(Data extract)
|---|

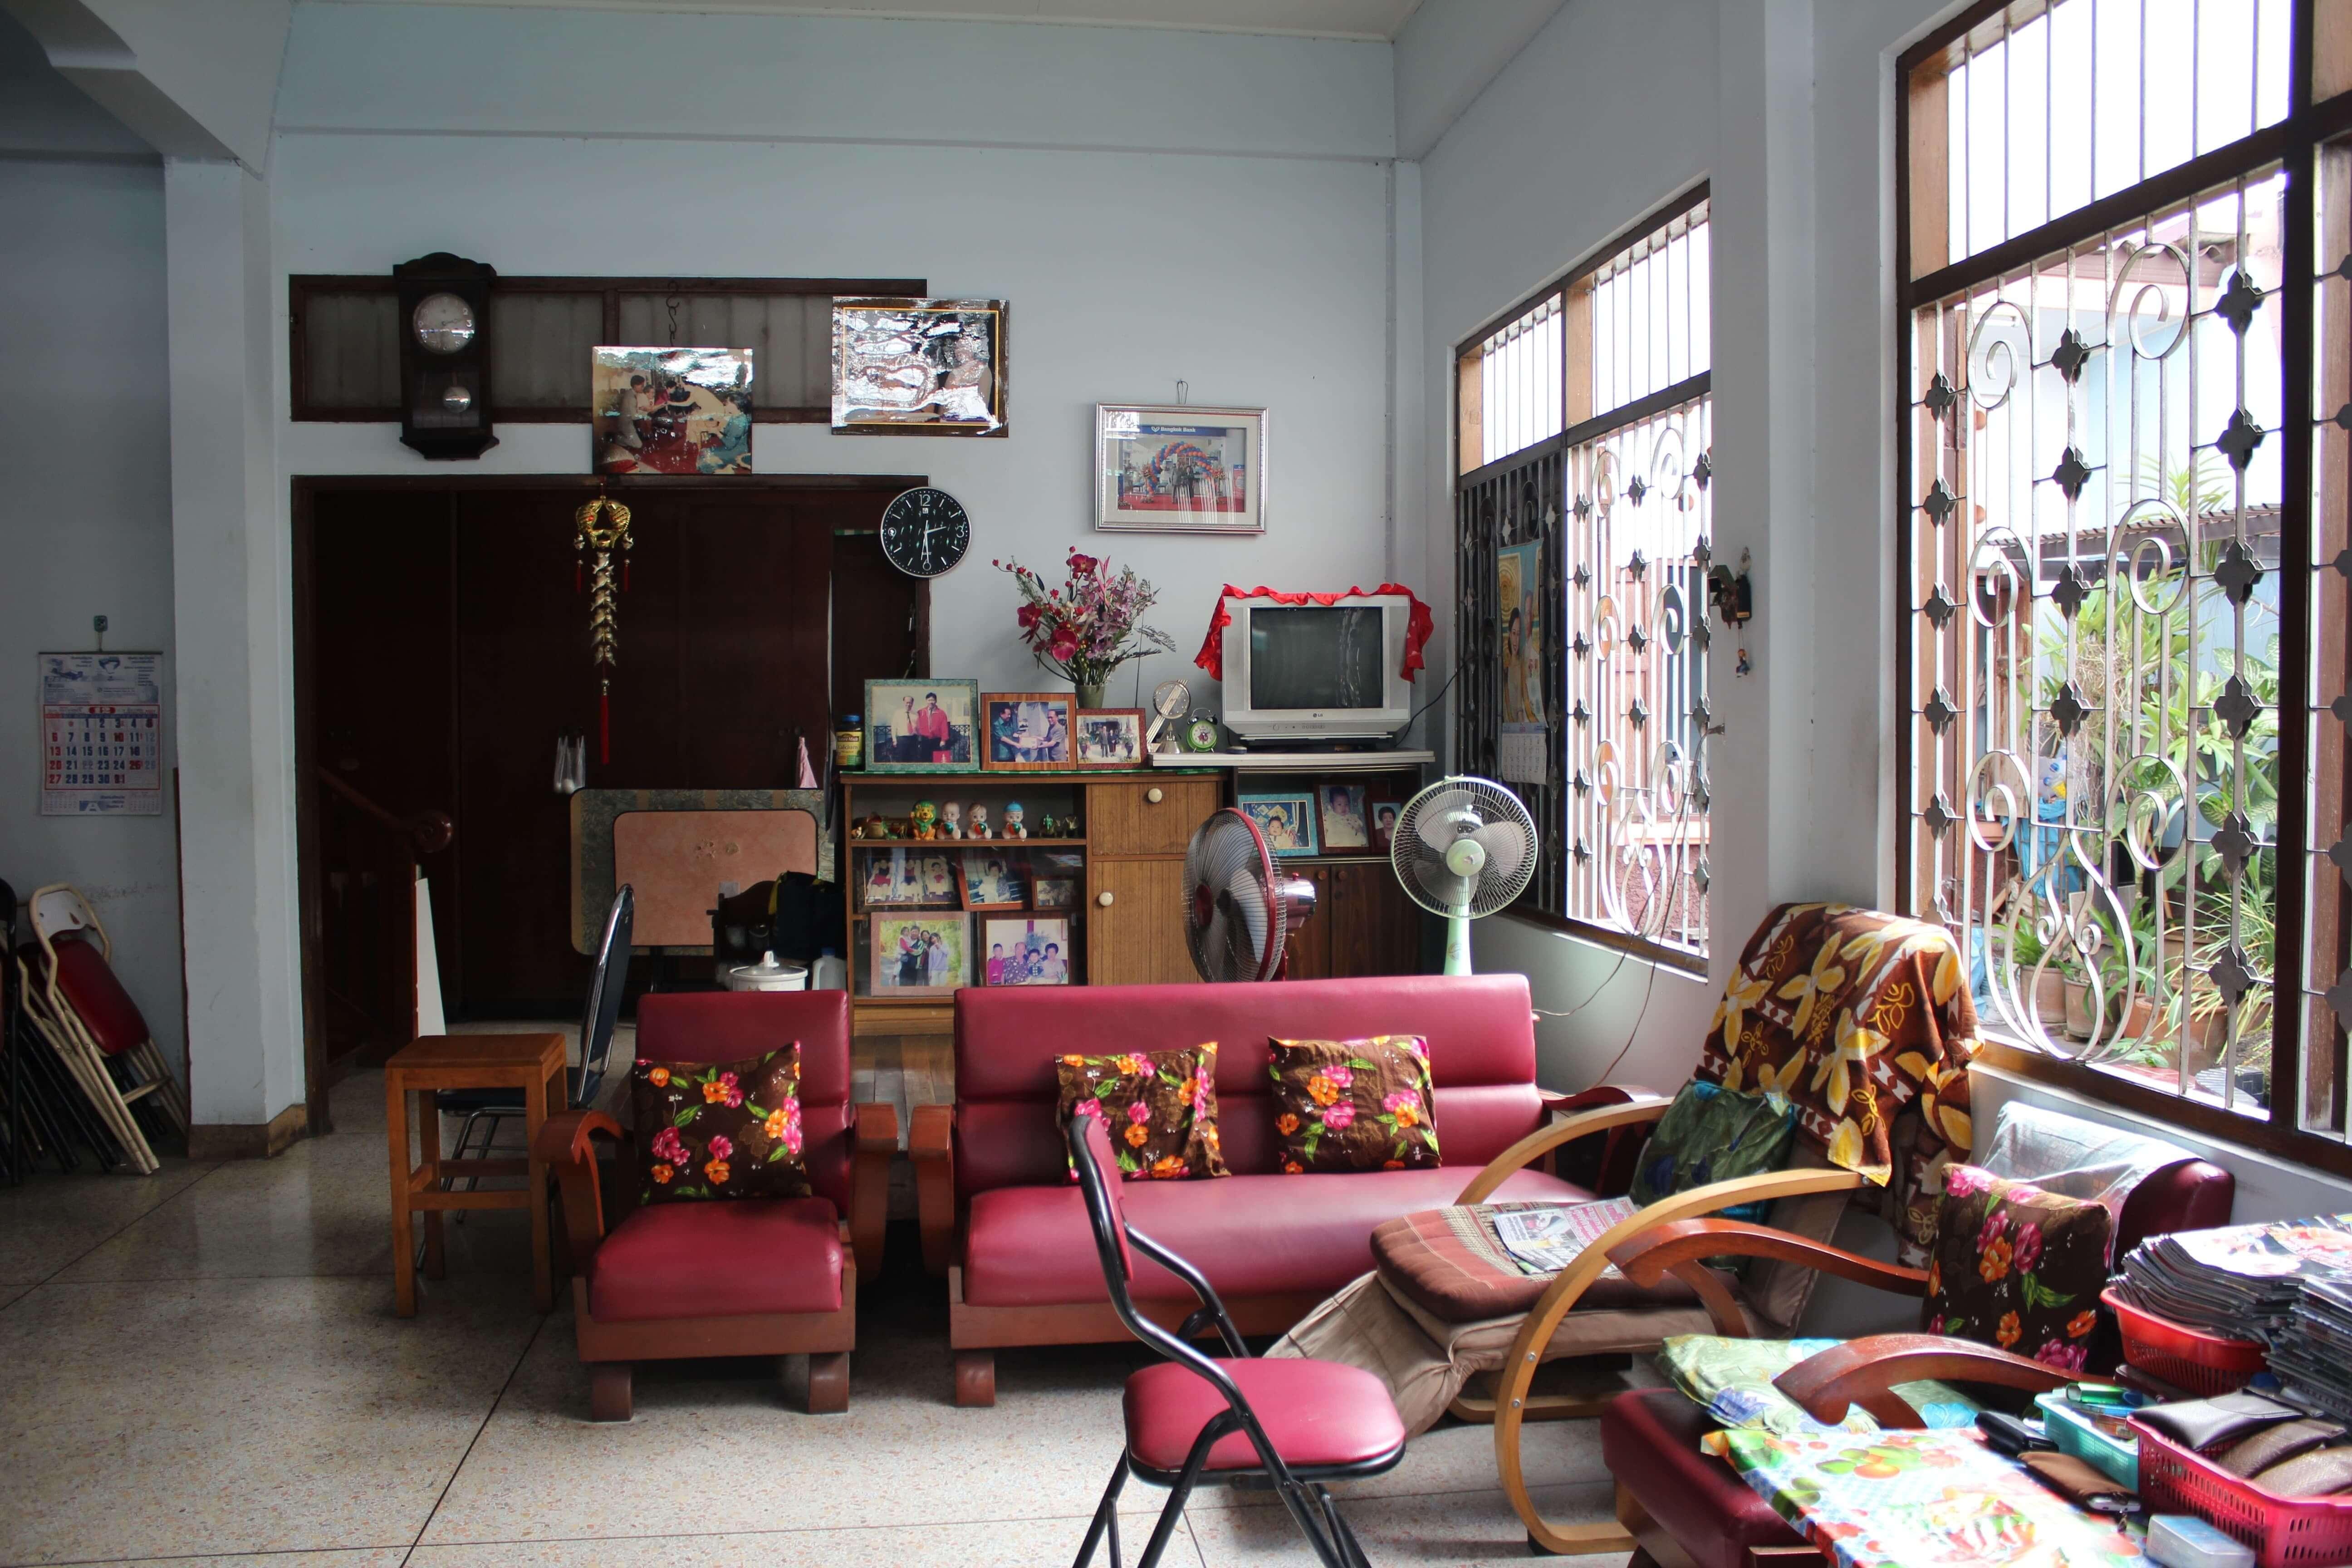 дизайн интерьера залы в квартире
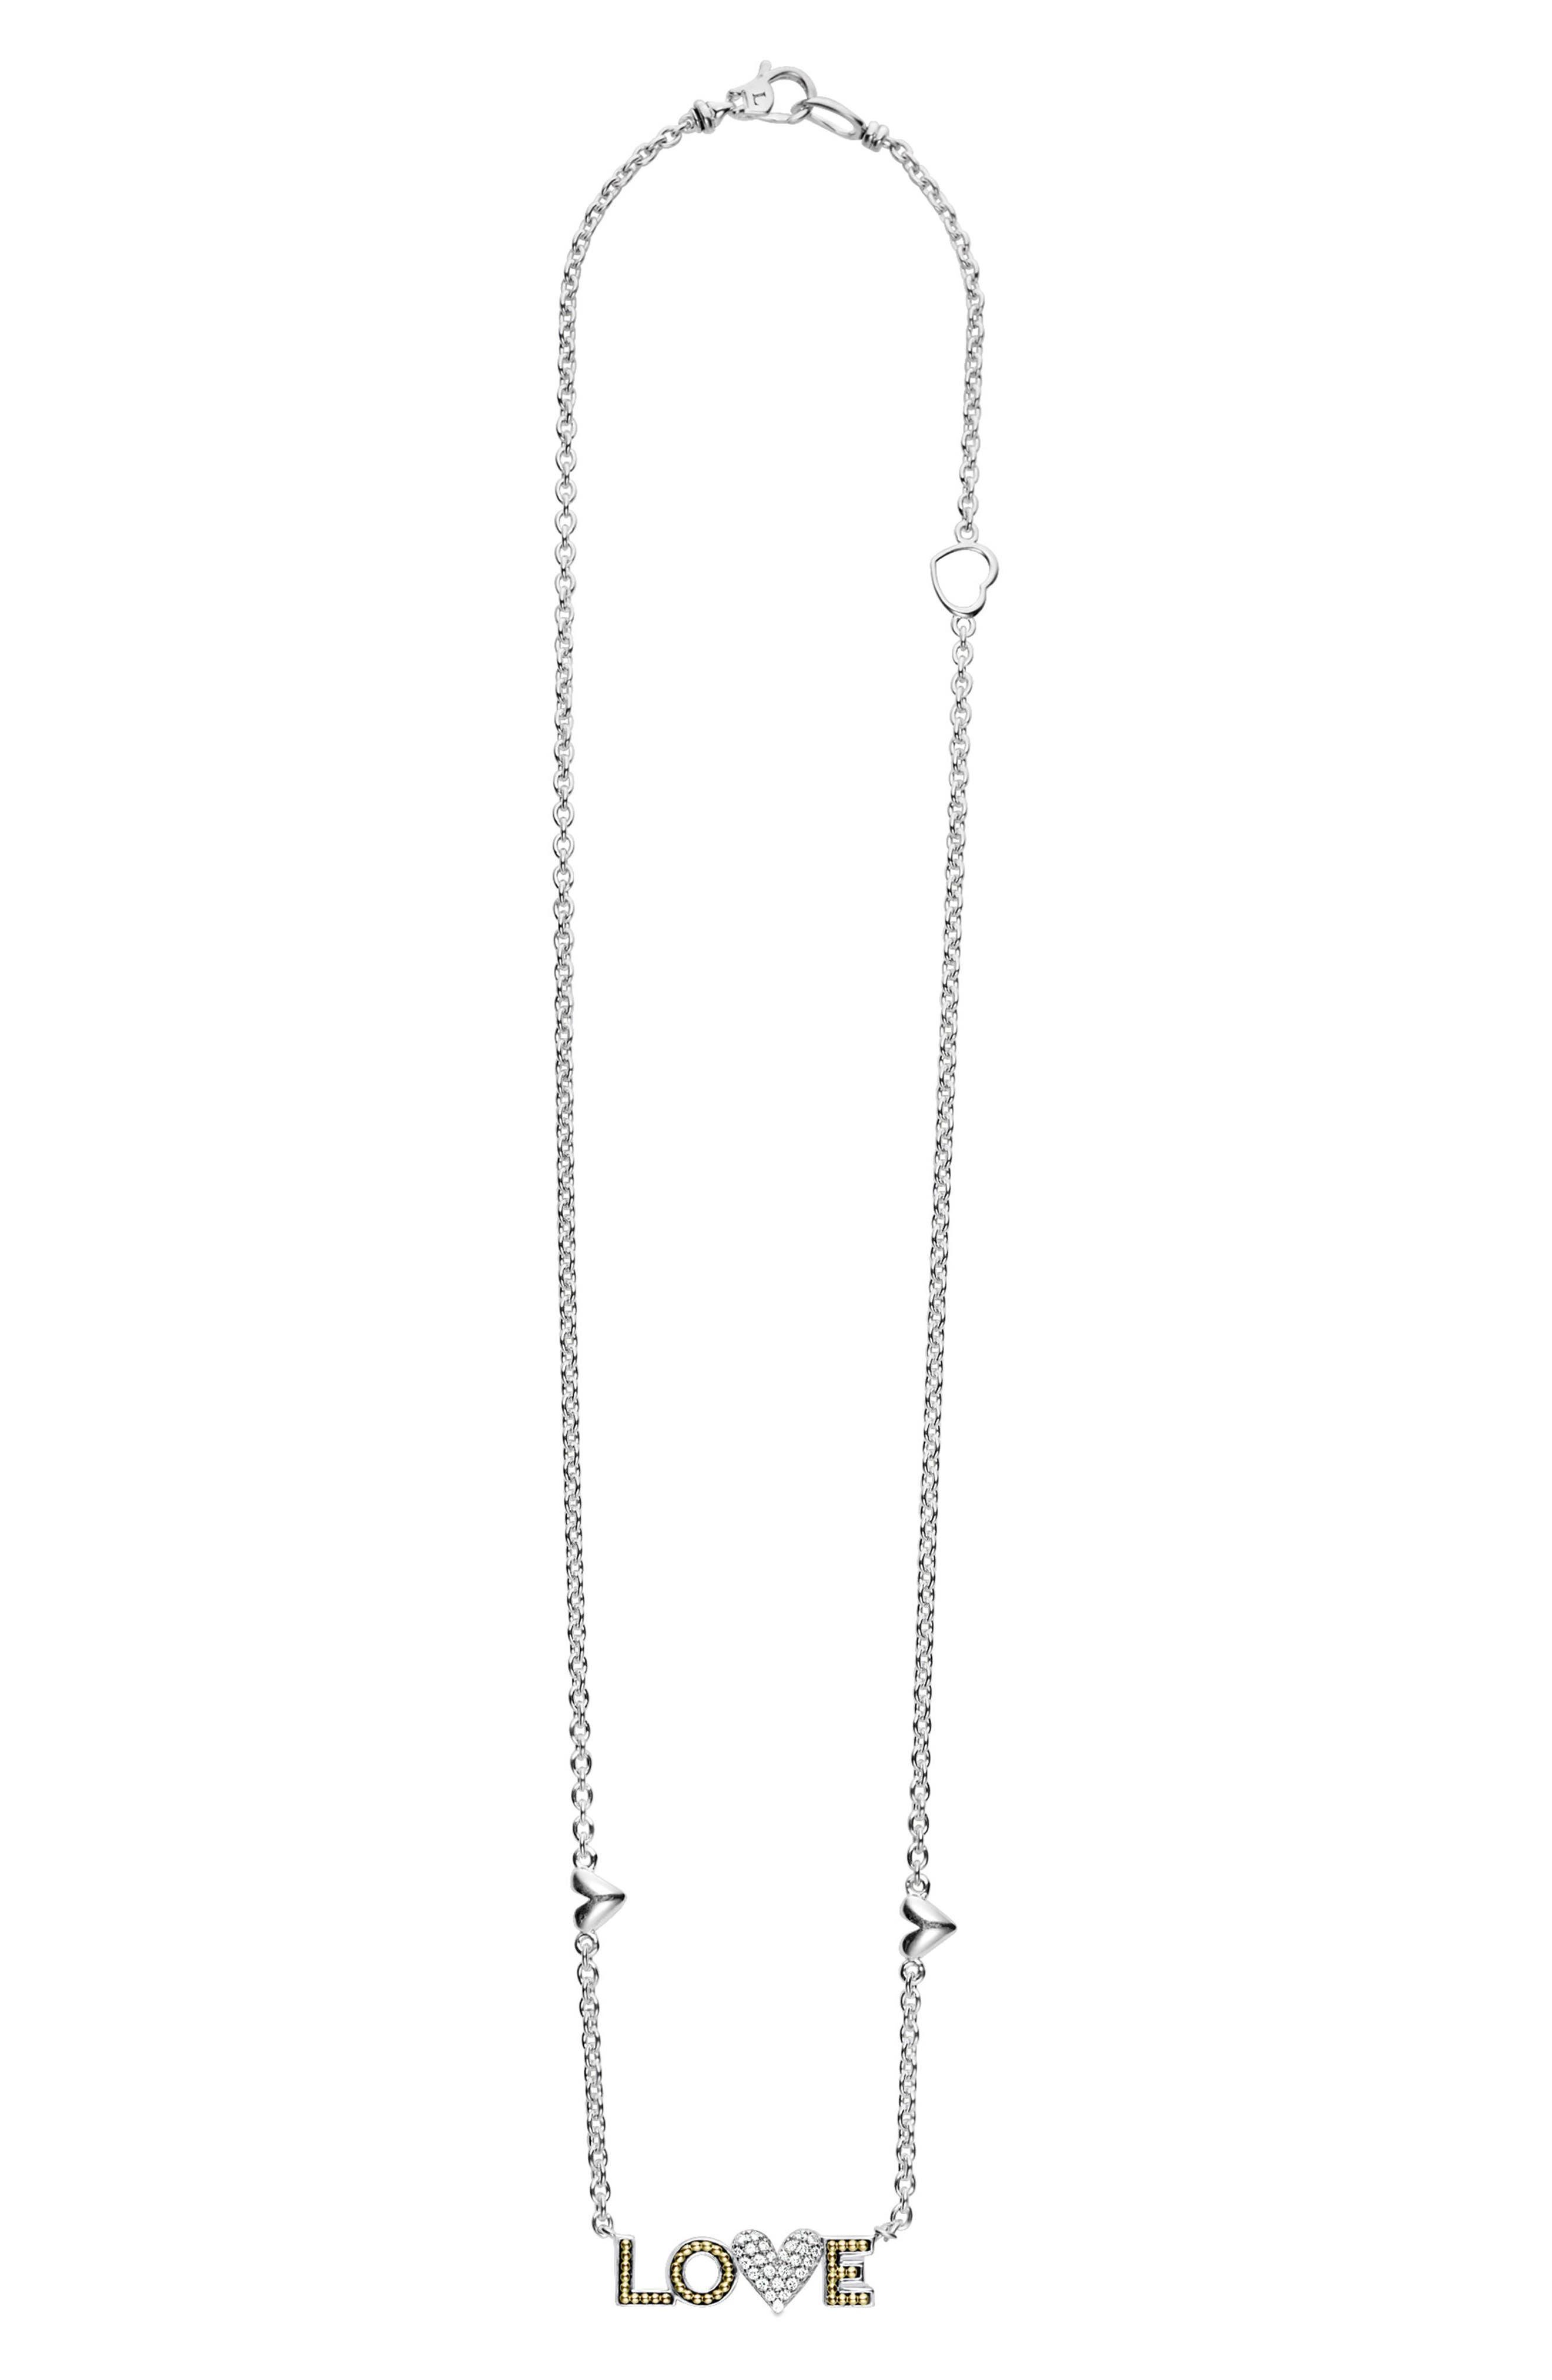 Beloved Diamond Love Pendant Necklace,                             Main thumbnail 1, color,                             Silver/ Diamond
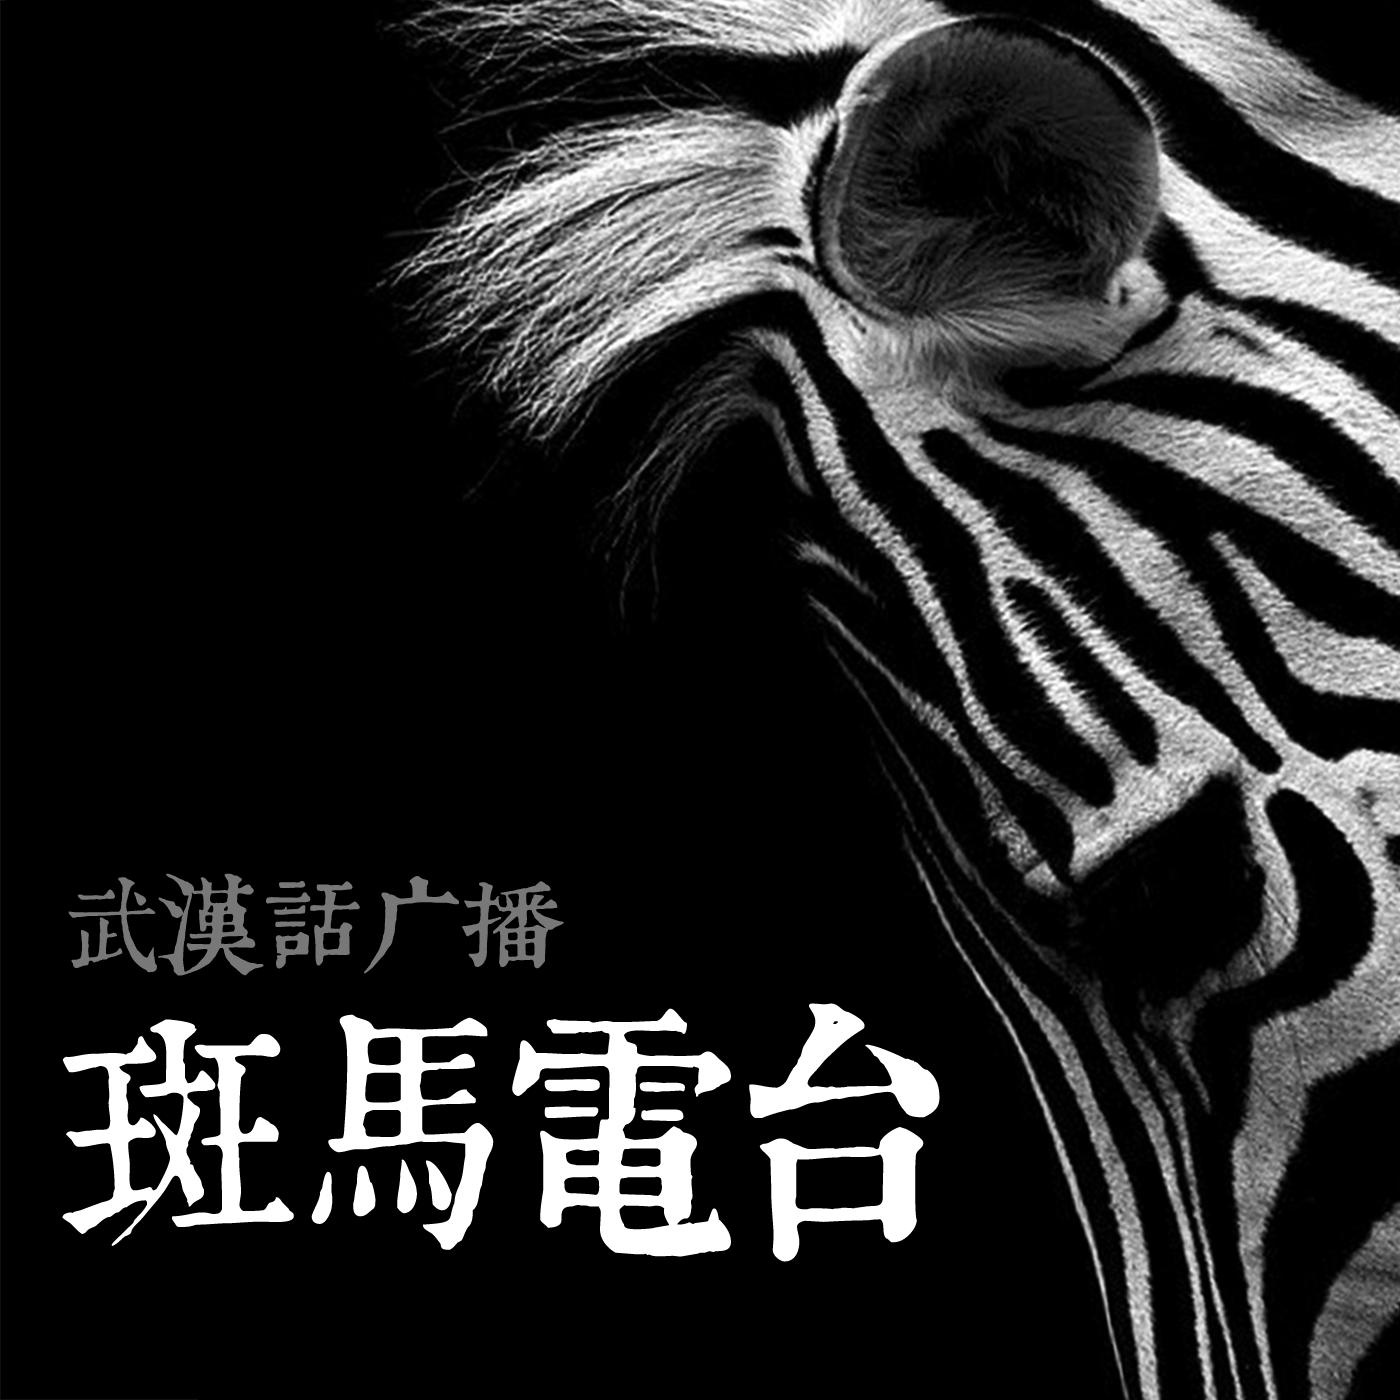 <![CDATA[斑马电台 - 武汉话播客]]>

|---|

(What you will do) Without the pictures, repeat every line of the material above exactly.

(Task result)
 дизайн интерьера залы в квартире
 Beloved Diamond Love Pendant Necklace,                             Main thumbnail 1, color,                             Silver/ Diamond
 <![CDATA[斑马电台 - 武汉话播客]]>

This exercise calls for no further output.